::: Exercise data
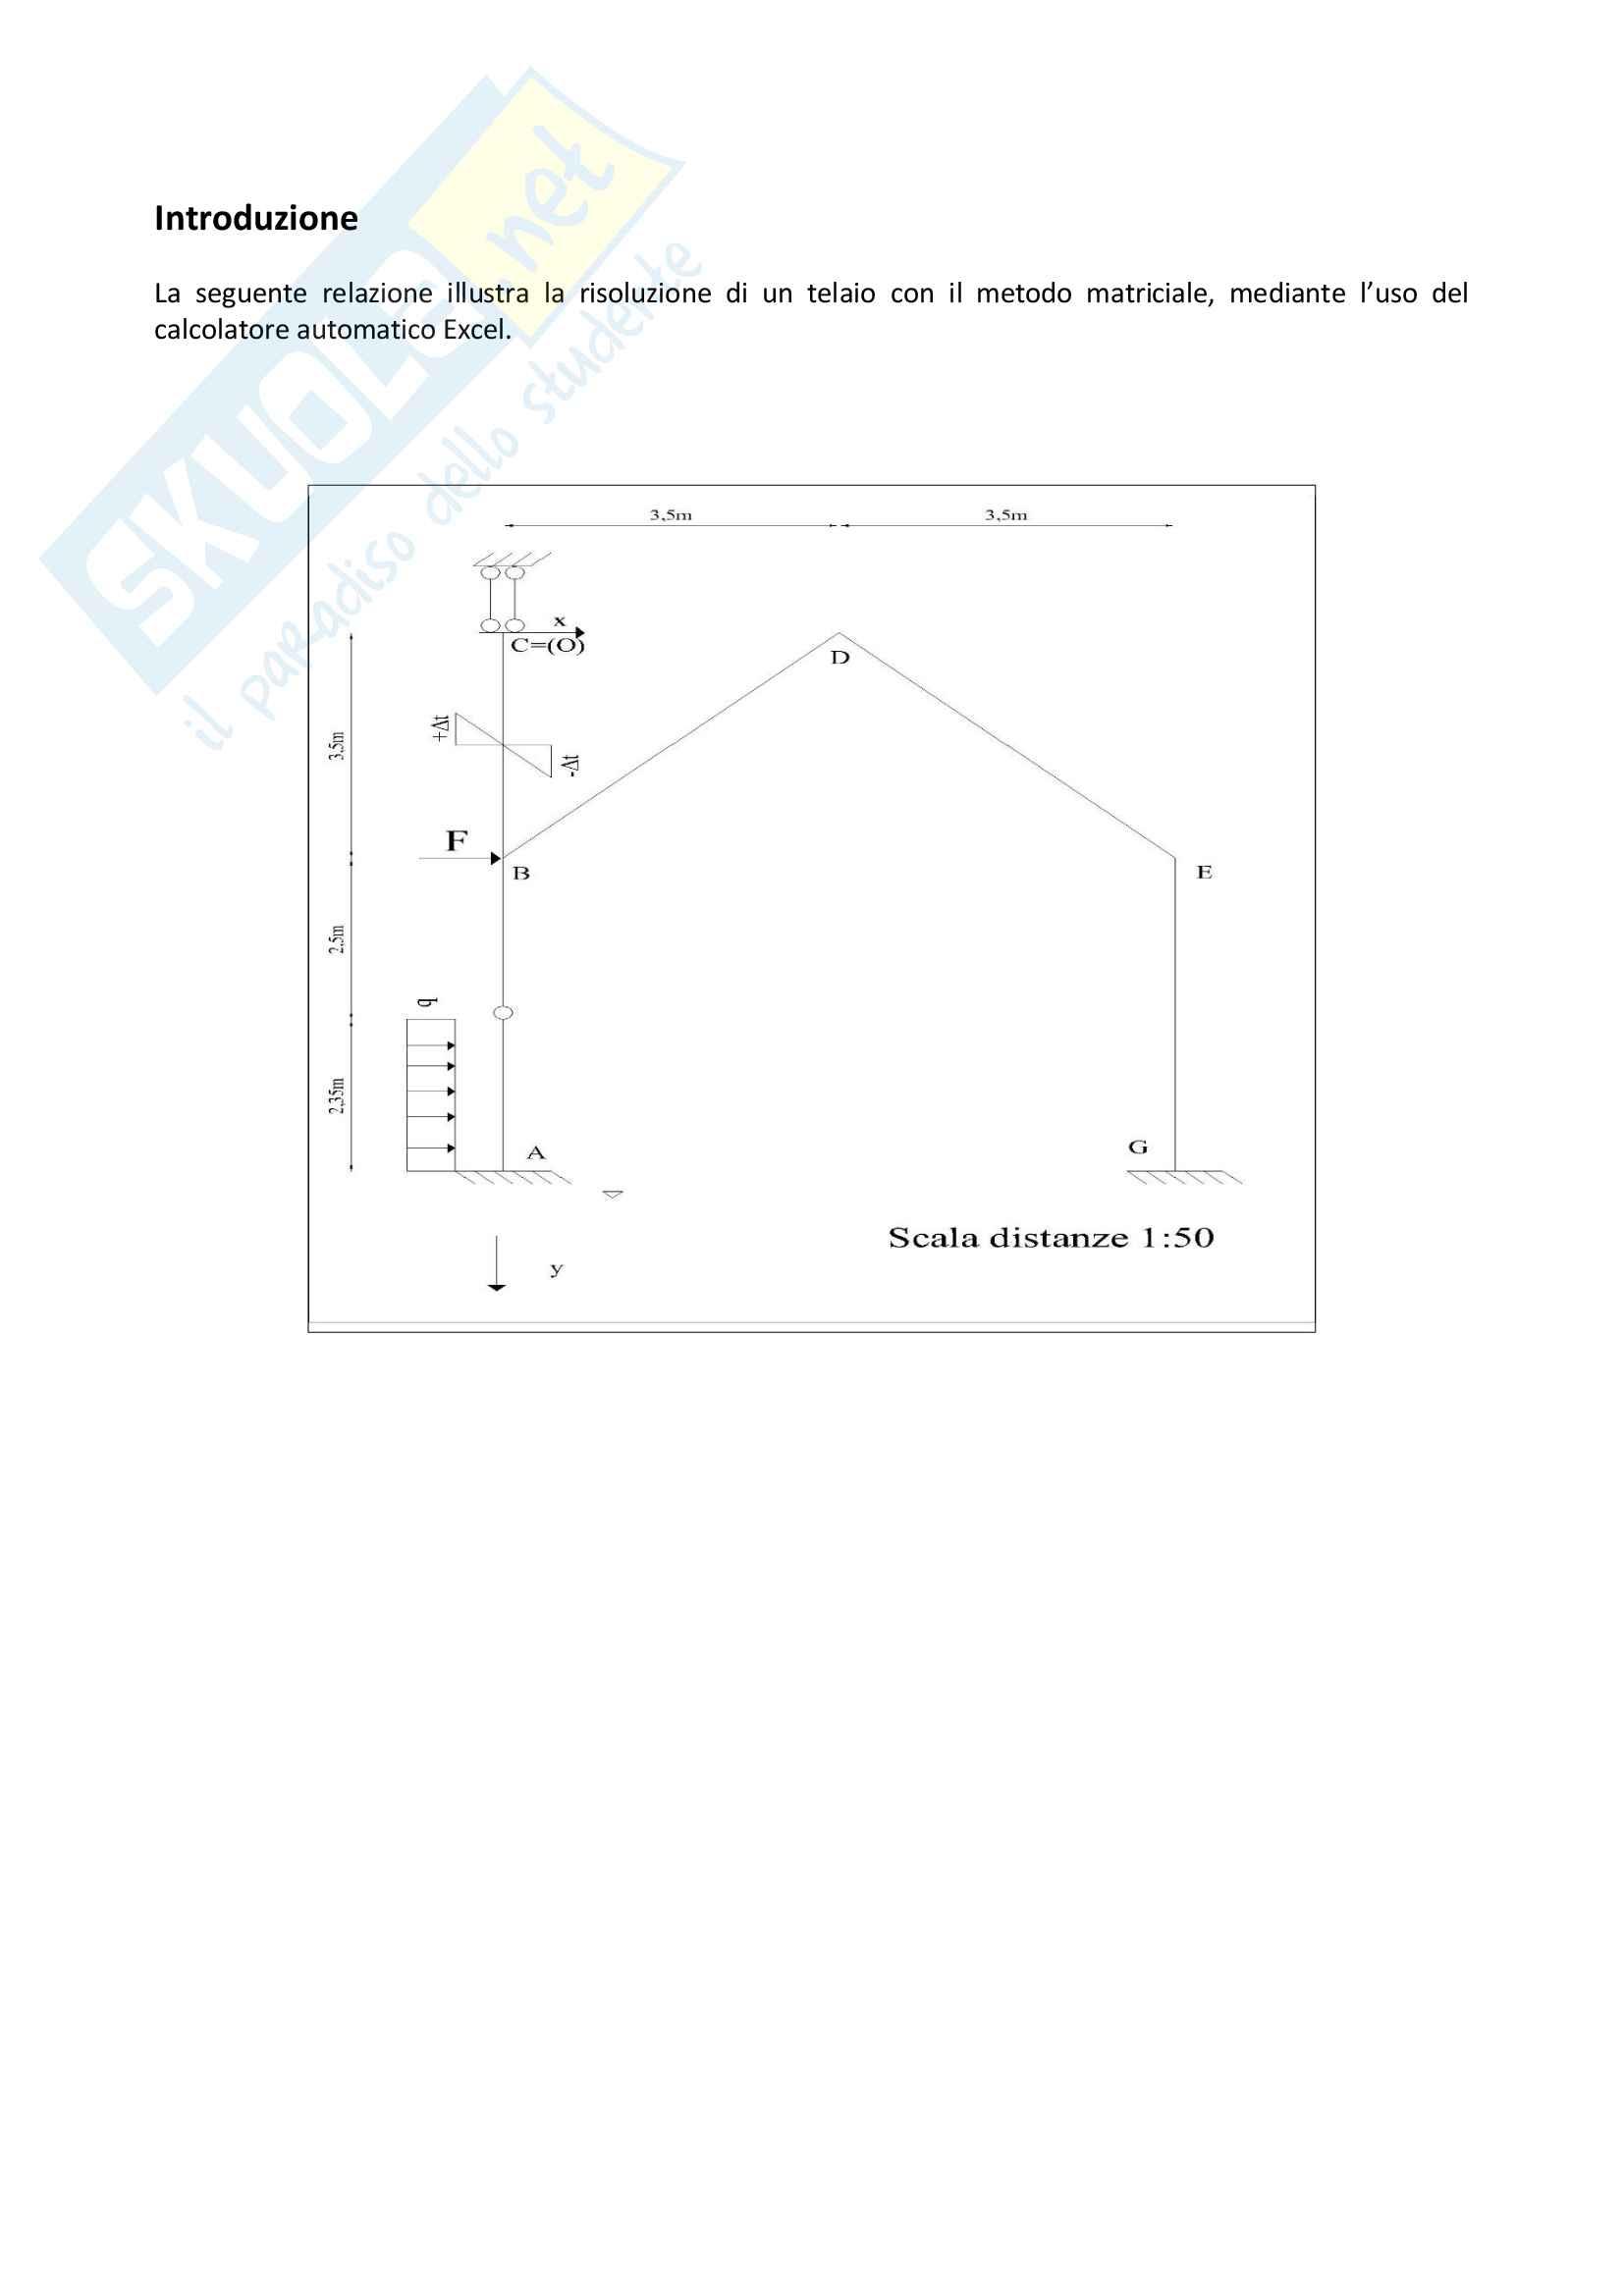 Risoluzione di un Telaio con metodo matriciale
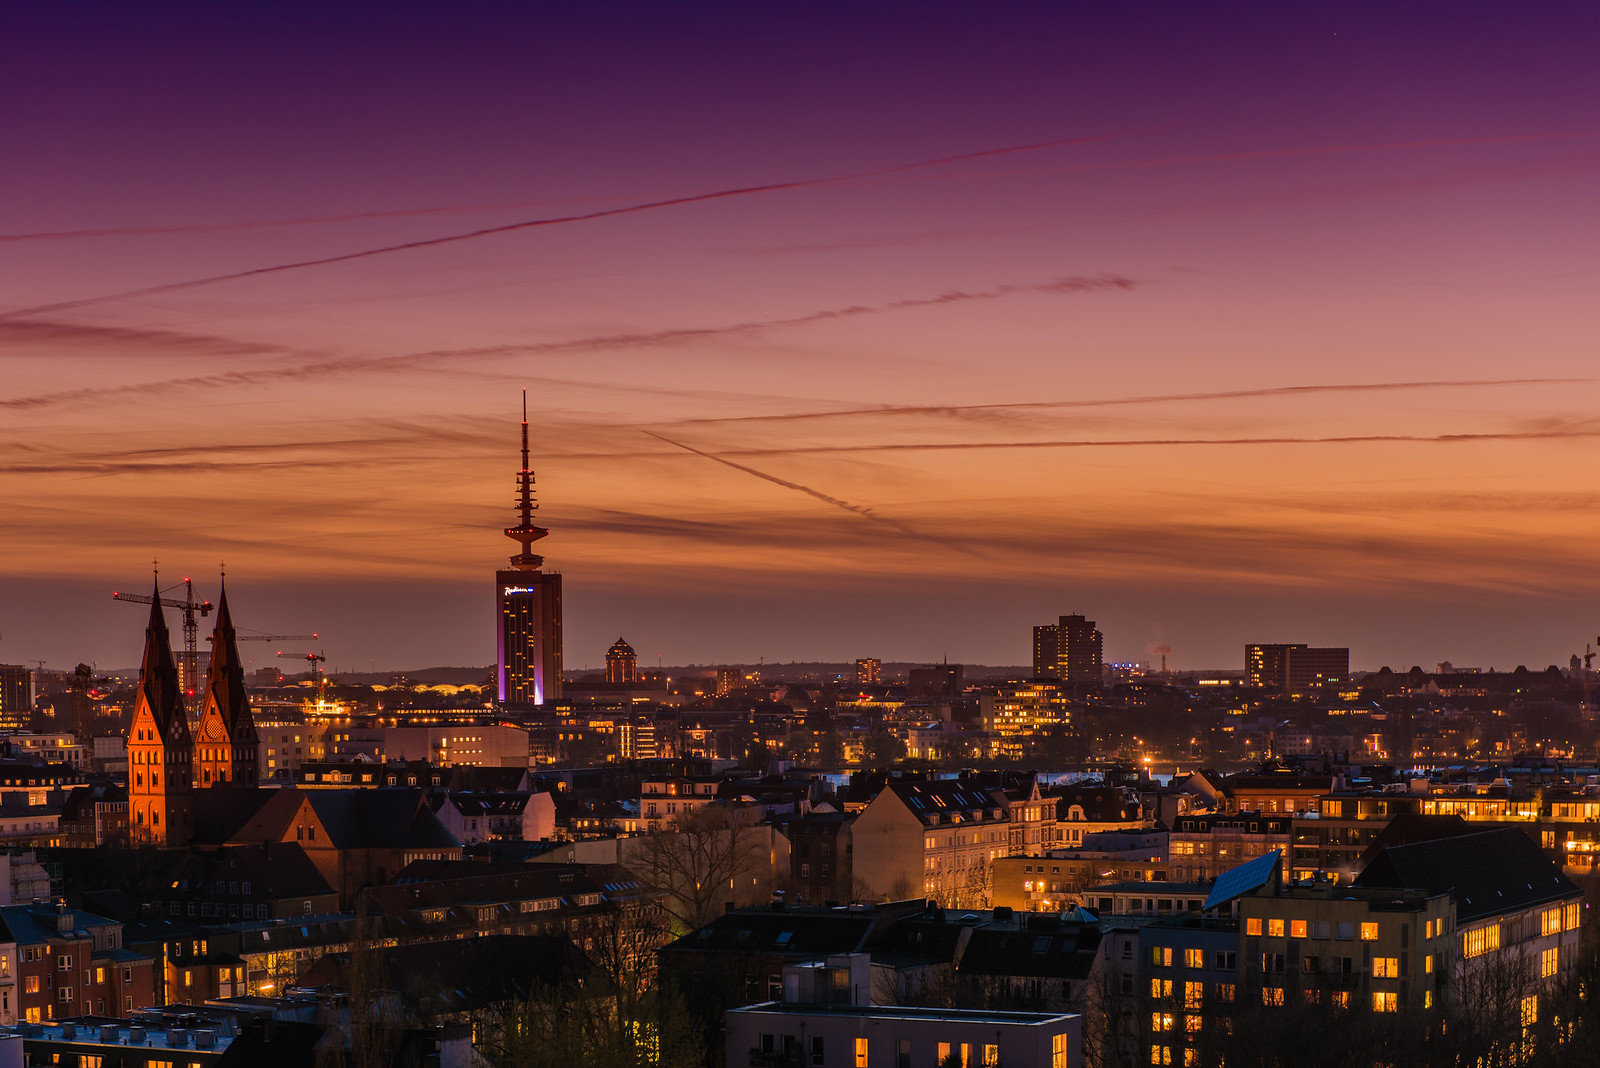 Гамбург. Немного фото из поездки.
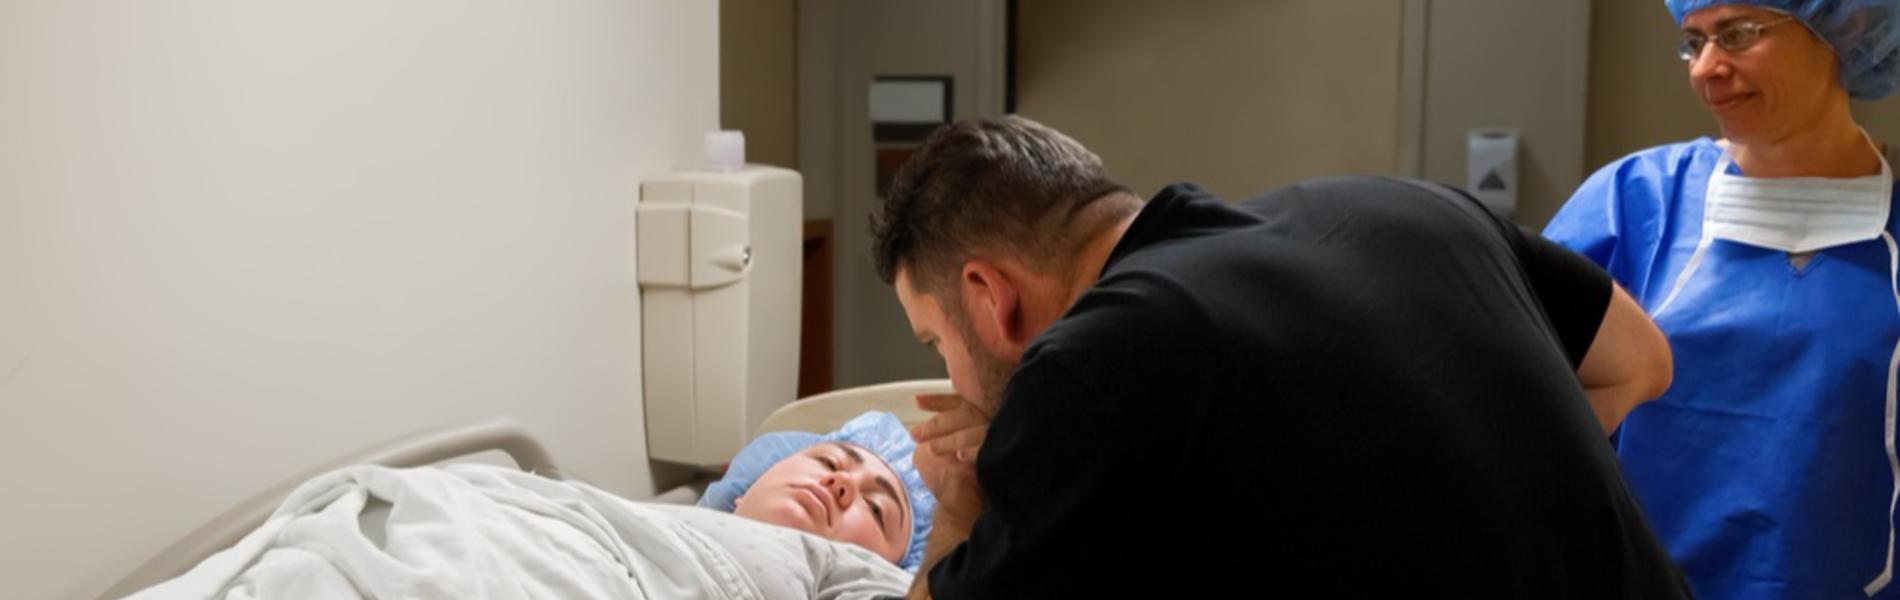 נוכחות חסרה: האבות שבחרו להישאר מחוץ לחדר הלידה
::::::
→ The problem: Reproduce, word for word, the lines from the one containing "Гамбург. Немного фото из поездки." to the end of the material, both ends included. No picture is copied.

→ Problem solution:
 Гамбург. Немного фото из поездки.
 נוכחות חסרה: האבות שבחרו להישאר מחוץ לחדר הלידה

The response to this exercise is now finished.